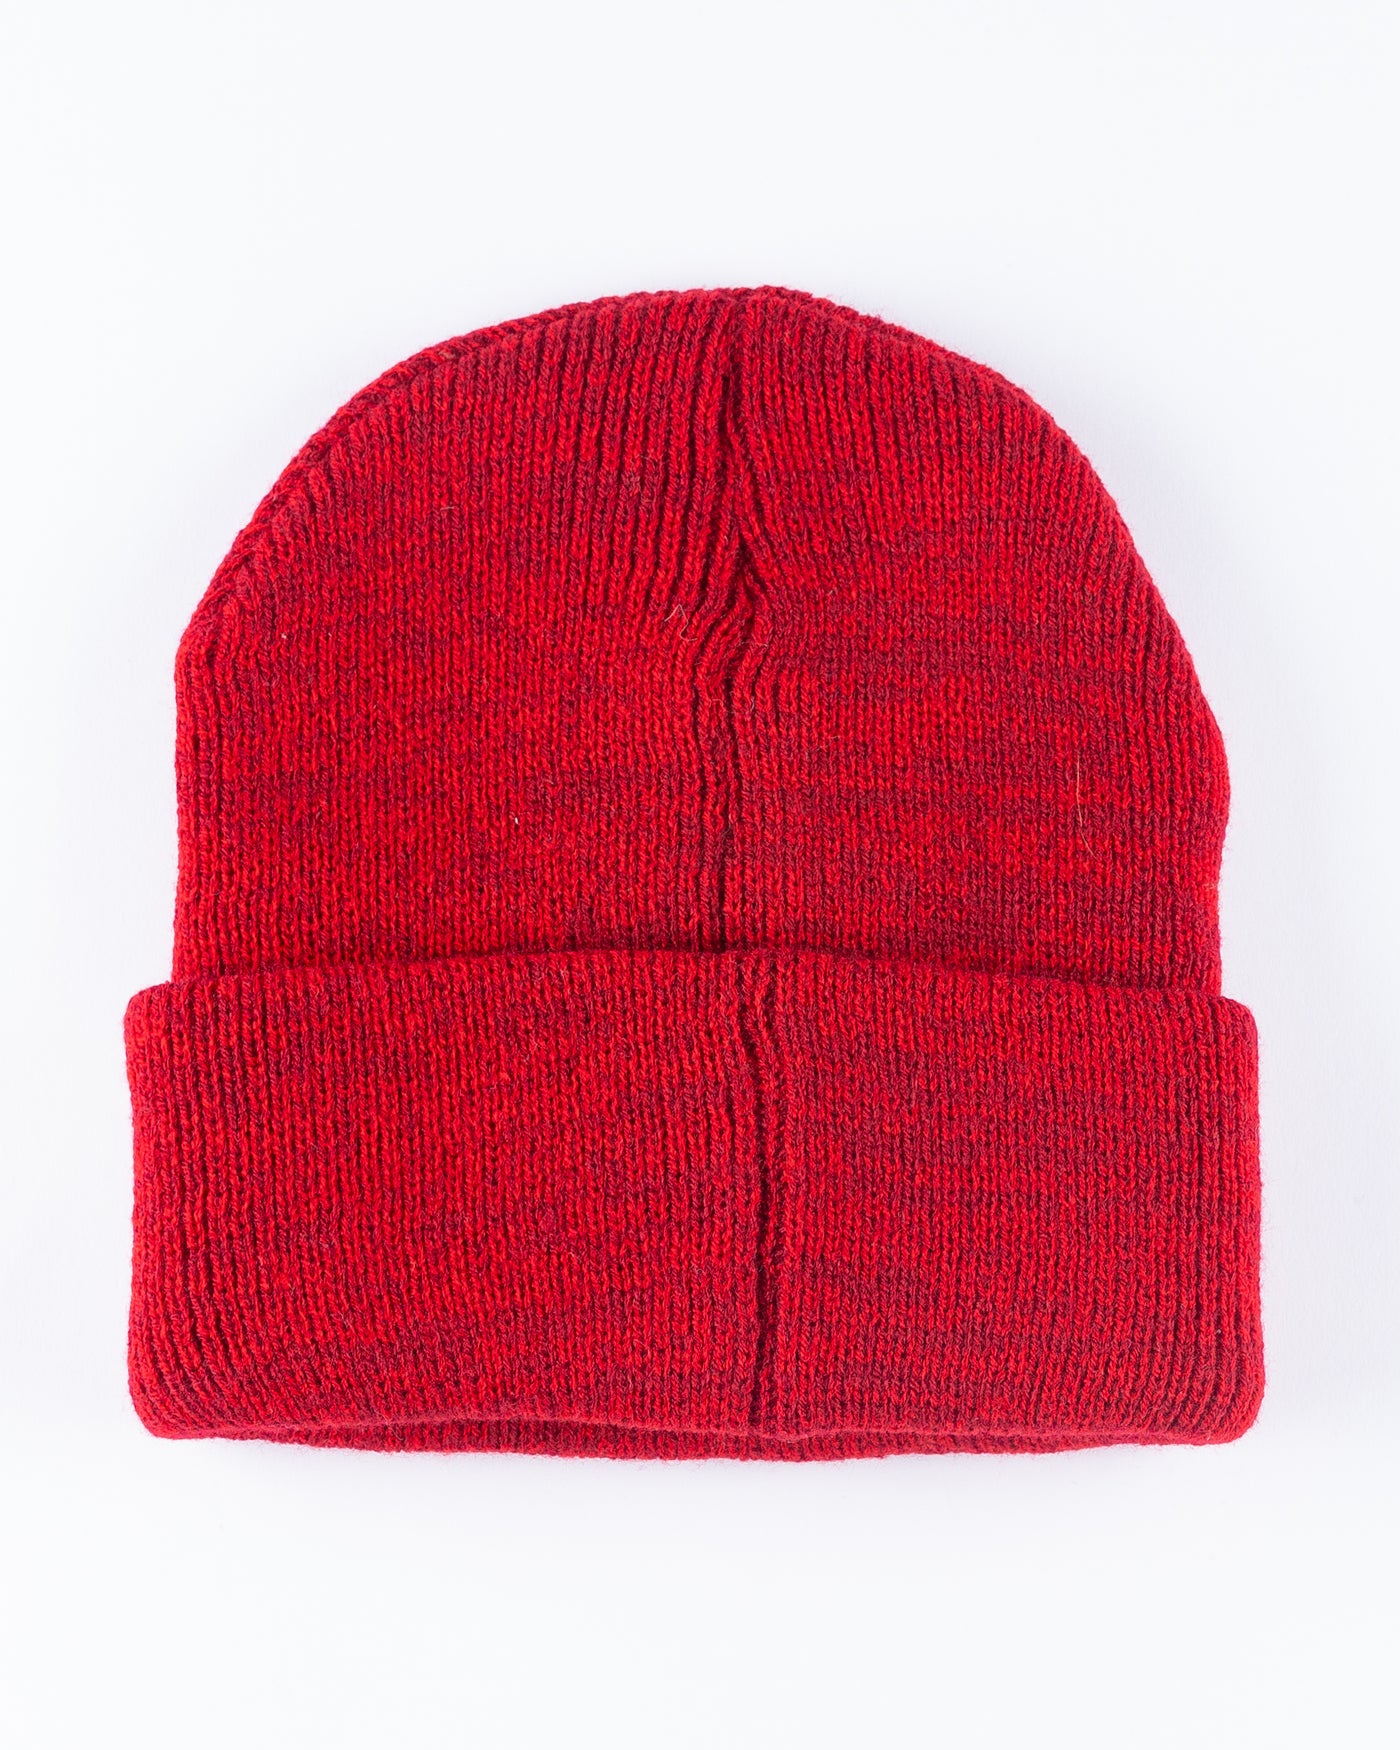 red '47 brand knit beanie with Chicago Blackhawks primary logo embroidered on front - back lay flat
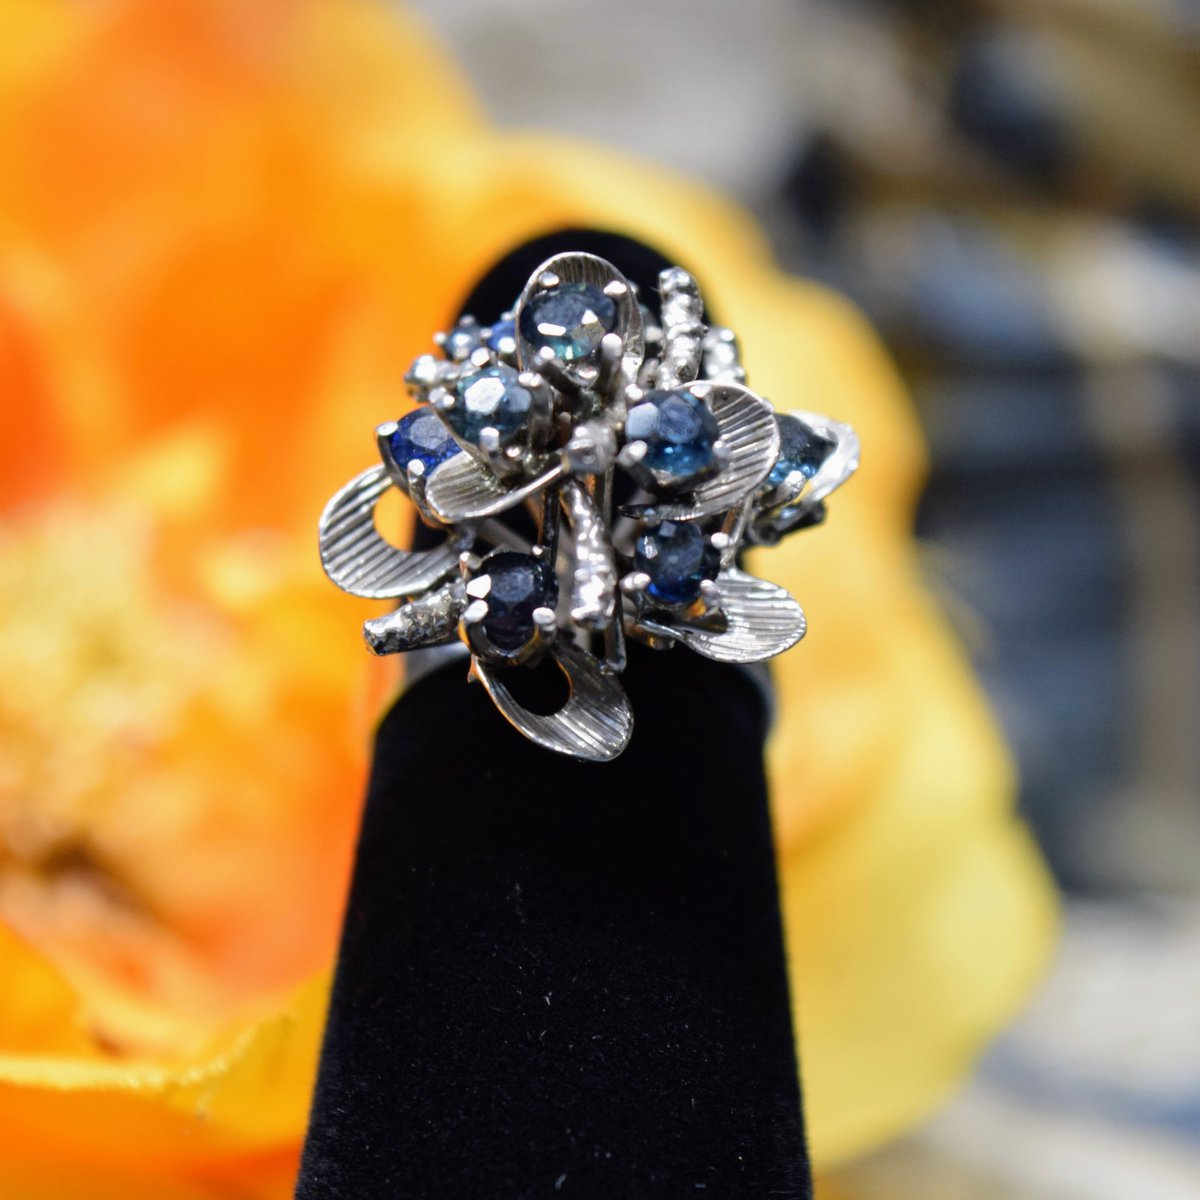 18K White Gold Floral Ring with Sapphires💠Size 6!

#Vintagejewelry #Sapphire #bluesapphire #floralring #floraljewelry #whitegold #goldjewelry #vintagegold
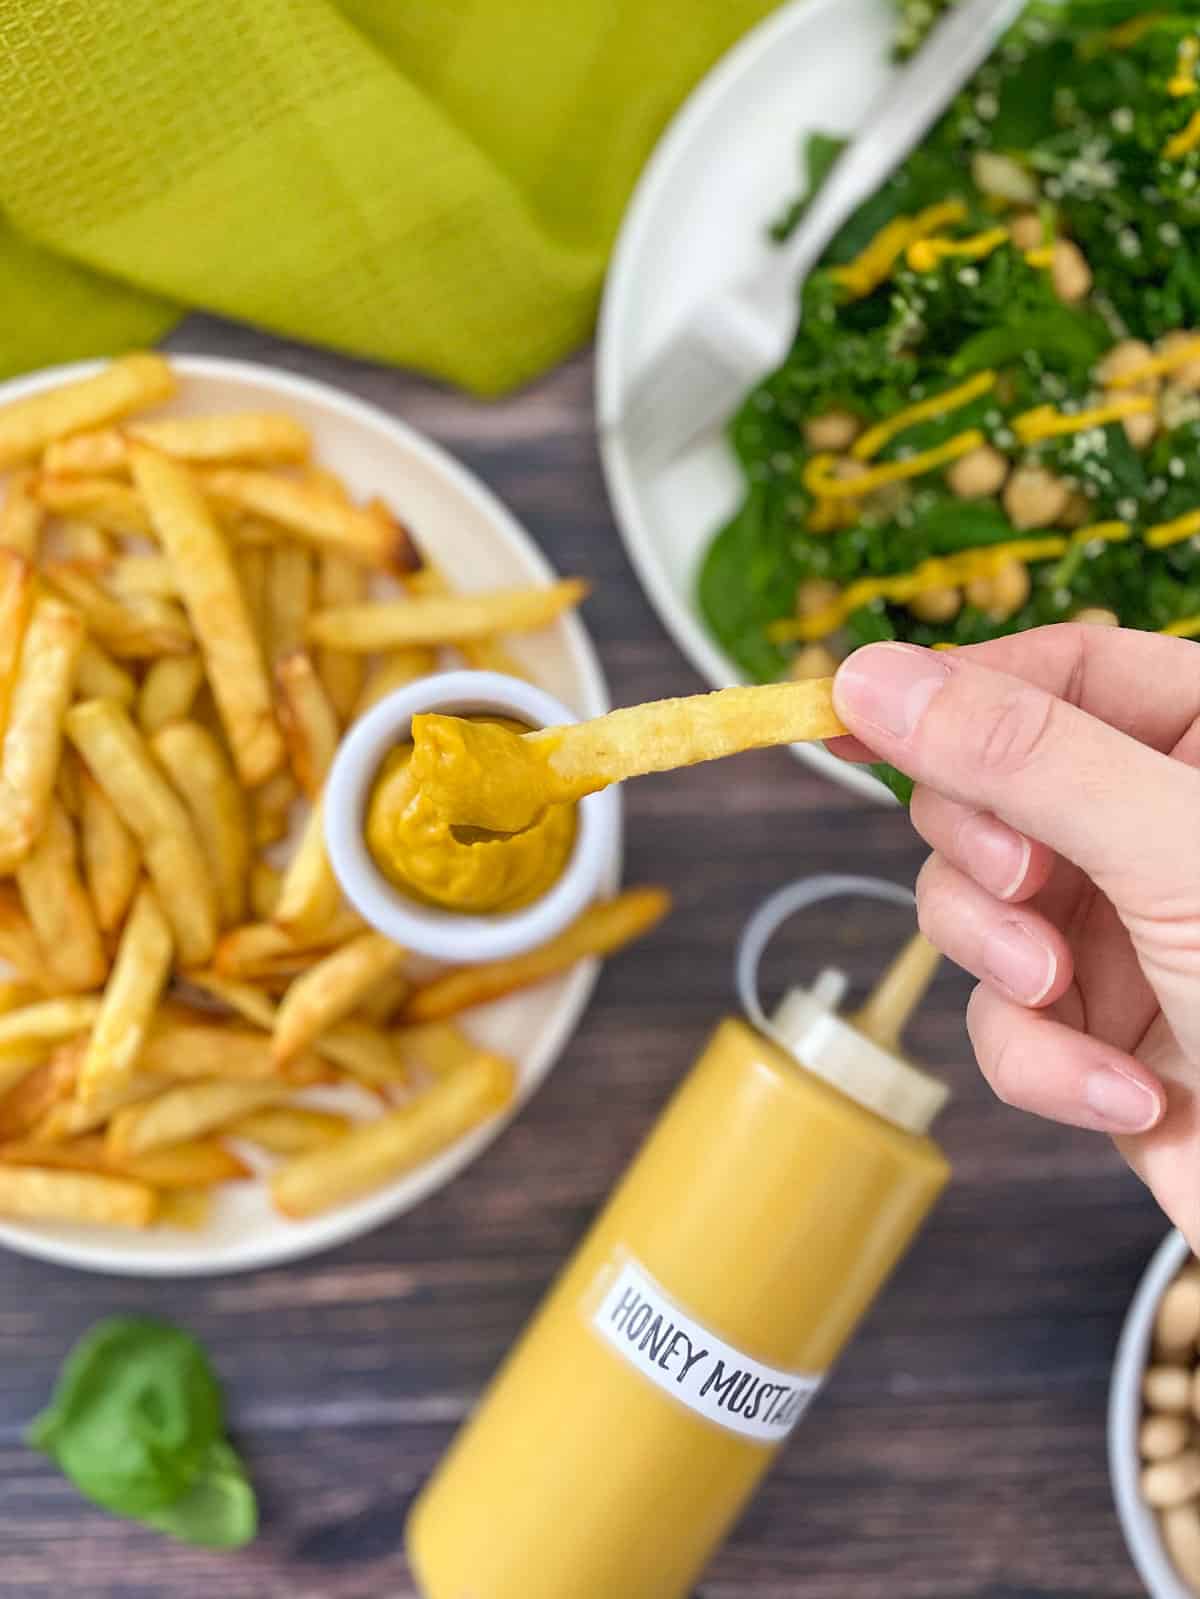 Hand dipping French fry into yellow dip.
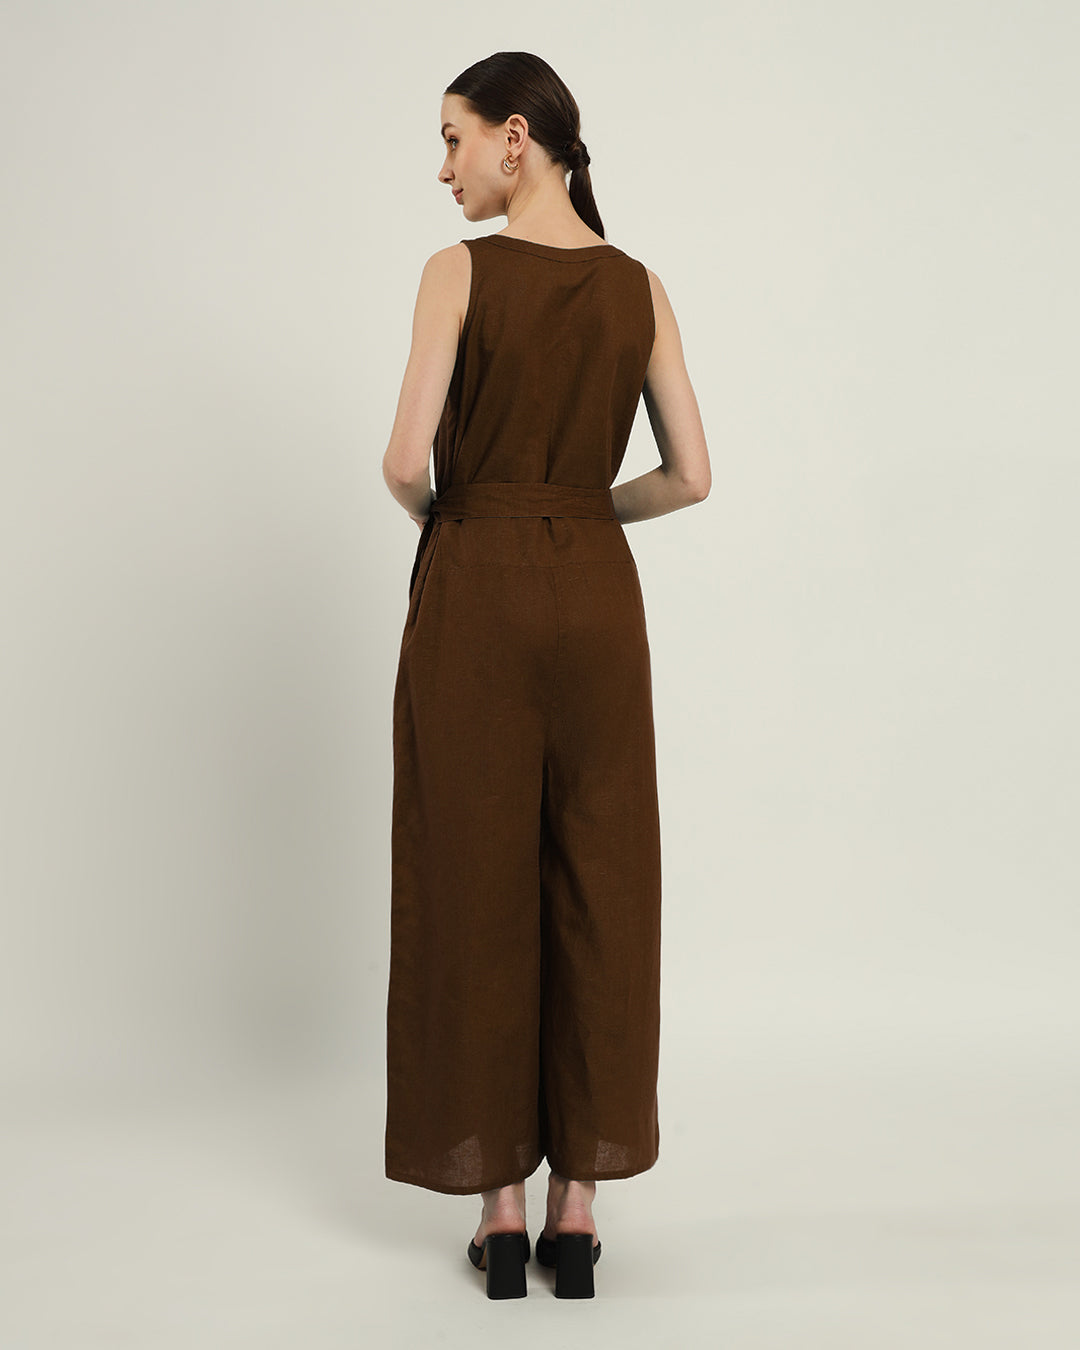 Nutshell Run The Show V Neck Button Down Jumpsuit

=-=-=-=-=

# TASK REQUIREMENTS
Exclude the pictures and repeat the entries word for word.

# PROBLEM SOLUTION
 red '47 brand knit beanie with Chicago Blackhawks primary logo embroidered on front - back lay flat
 18K White Gold Floral Ring with Sapphires💠Size 6!

#Vintagejewelry #Sapphire #bluesapphire #floralring #floraljewelry #whitegold #goldjewelry #vintagegold
 Hand dipping French fry into yellow dip.
 Nutshell Run The Show V Neck Button Down Jumpsuit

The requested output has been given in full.